Recoverability of Unamortized Insurance Acquisition Costs and Establishment of Insurance Reserves The carrying value of certain assets (primarily deferred policy acquisition costs ("DPAC")), liabilities for excess deaths and annuitization reserves ("EDAR") and unearned revenues ("UREV") are based, in part, upon assumed

interest rates and investment spreads, surrenders, annuitizations, renewal premiums and mortality. Actual results have varied from these assumptions in the past and have caused these accounting estimates to change (see "Results of Operations - Insurance Acquisition Expenses"), and could cause the Company's accounting estimates to change in the future. The Company performs an in-depth review of its assumptions and tests for recoverability on an annual basis as well as more limited reviews on a quarterly basis. If necessary, DPAC, UREV and EDAR balances may be adjusted ("unlocked") up or down based on new assumptions.

Approximately 40% of GAFRI's fixed annuity liabilities at December 31, 2006, were two-tier in nature in that policyholders can receive a higher amount if they die or if they annuitize rather than surrender their policy, even if the surrender charge period has expired. For these policies, reserves are recorded at their lower-tier value plus additional reserves for (i) accrued persistency and premium bonuses and (ii) excess benefits expected to be paid on future deaths and annuitizations that require payment of the upper-tier value. The liability for EDAR (approximately $200 million at December 31, 2006) is accrued for and modified using assumptions consistent with those used in determining DPAC and DPAC amortization. Actual experience and changes in actuarial assumptions and tests for recoverability have caused GAFRI's accounting estimates to change in the past and could cause the Company's accounting estimates to change in the future (see "Results of Operations - Annuity Benefits," "Item 7A - Annuity Contracts" and Note O to the Financial Statements).
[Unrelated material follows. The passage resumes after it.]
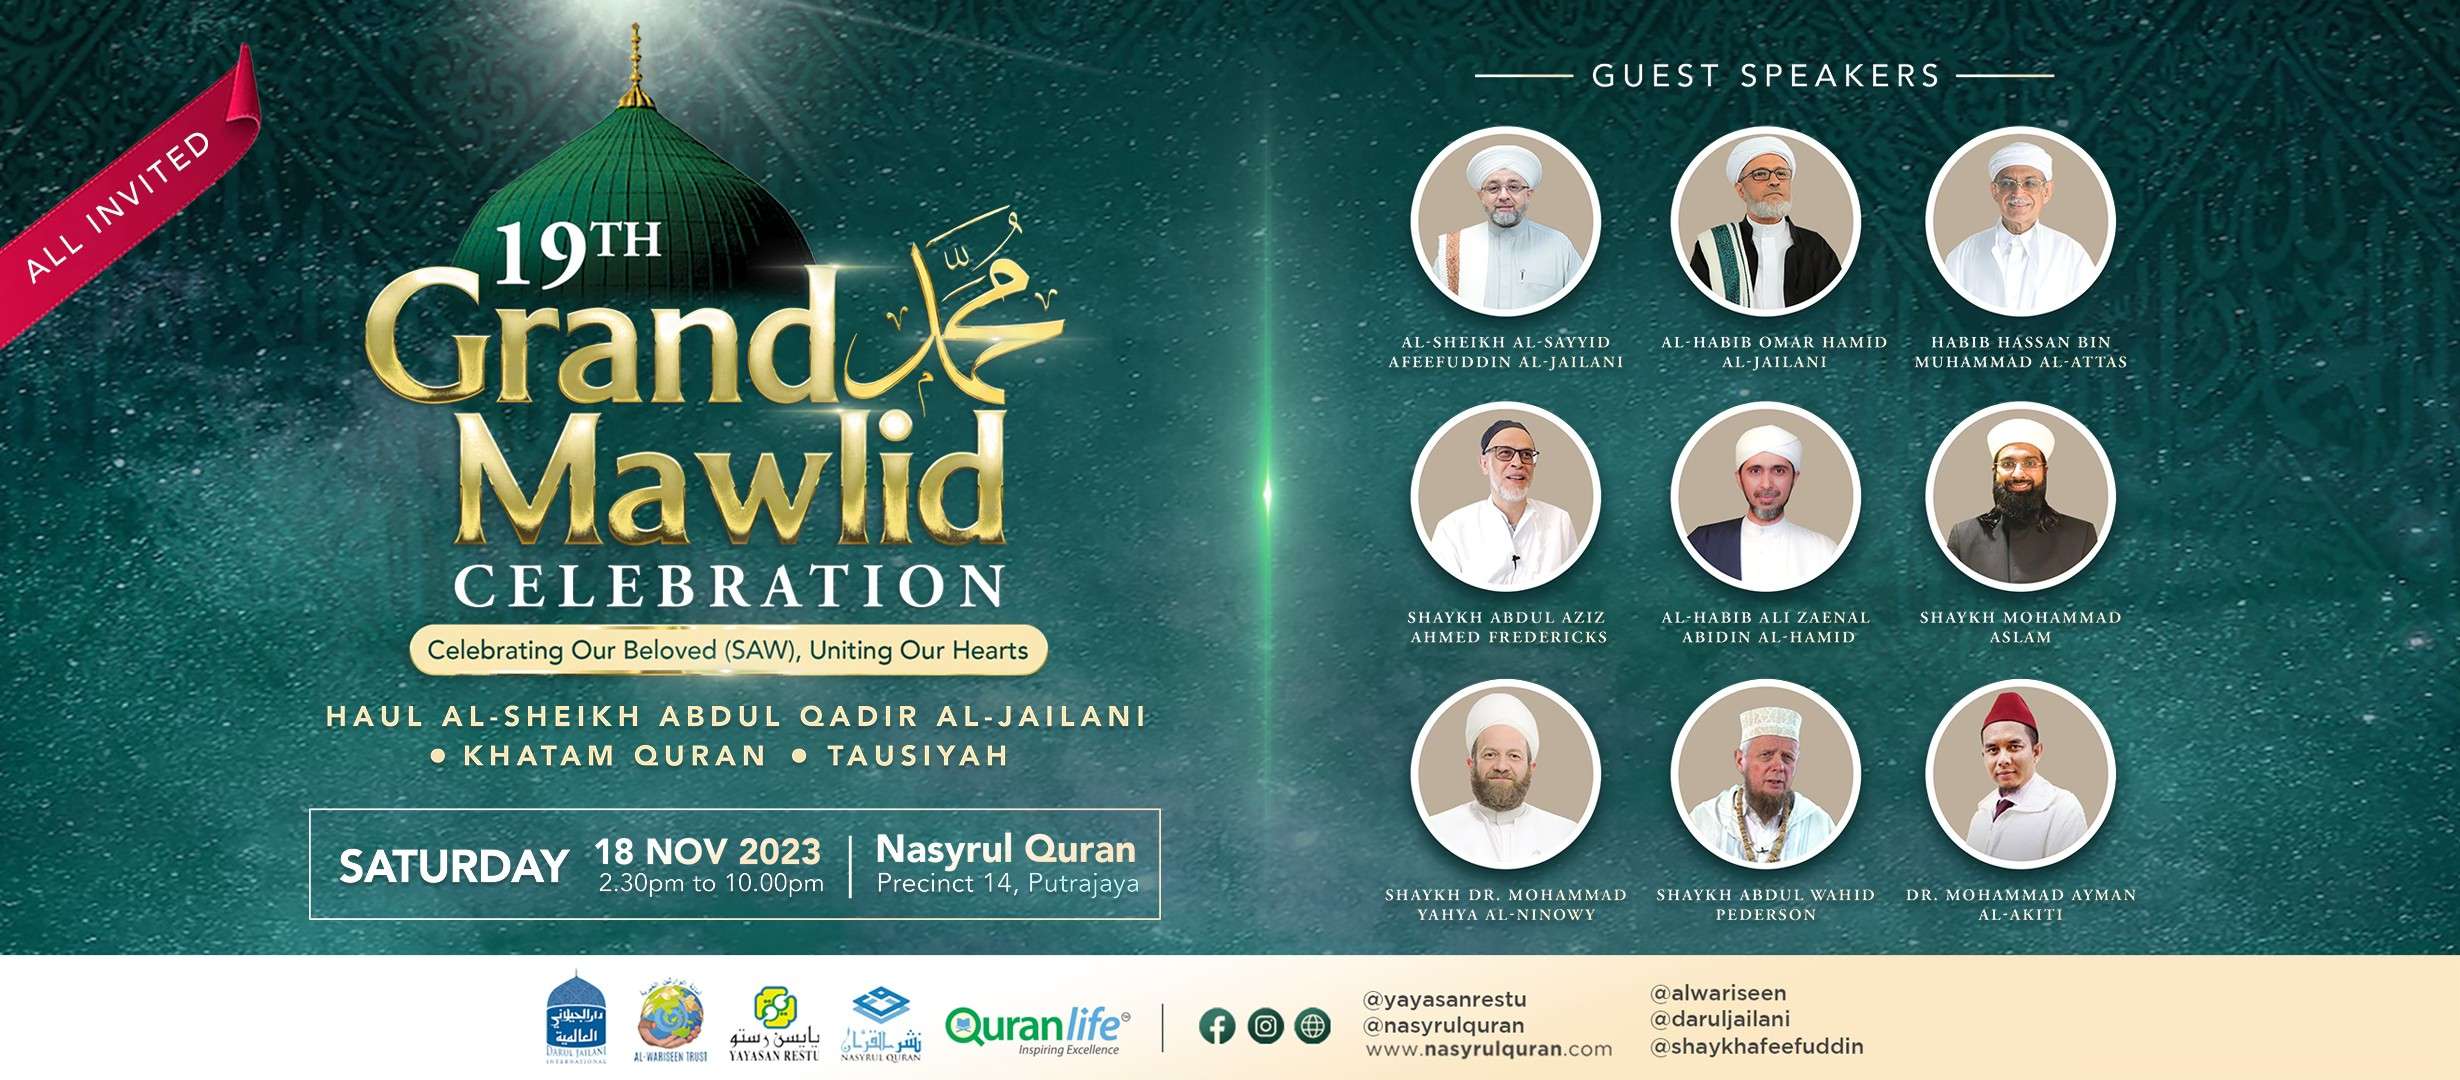 19th Grand Mawlid – Malaysia | 18 Nov 2023 | Annual

GAFRI's variable annuity separate account assets and liabilities have equity market risk in that a sustained, significant change in the stock market could impact (i) variable annuity fees earned by GAFRI, since such fees are based on the market value of the underlying funds, and (ii) the carrying value of related DPAC. Furthermore, certain variable policies have features that provide for guaranteed minimum death benefits in excess of GAFRI's separate account liabilities. A sustained, significant decrease in the stock market, combined with an increase in the amount of death benefits or certain other withdrawals, could materially impact DPAC and liabilities. Variations in actual equity market performance from previous assumptions have caused these accounting estimates to change in the past (see "Results of Operations - Insurance Acquisition Expenses" and Note O to the Financial Statements).

Determination of "Other Than Temporary" Impairments on Investments The Company performs an in-depth review of its investments on a quarterly basis (see "Liquidity and Capital Resources - Investments," "Results of Operations - Realized Gains (Losses)",: and "Item 7A - Fixed Maturity Portfolio").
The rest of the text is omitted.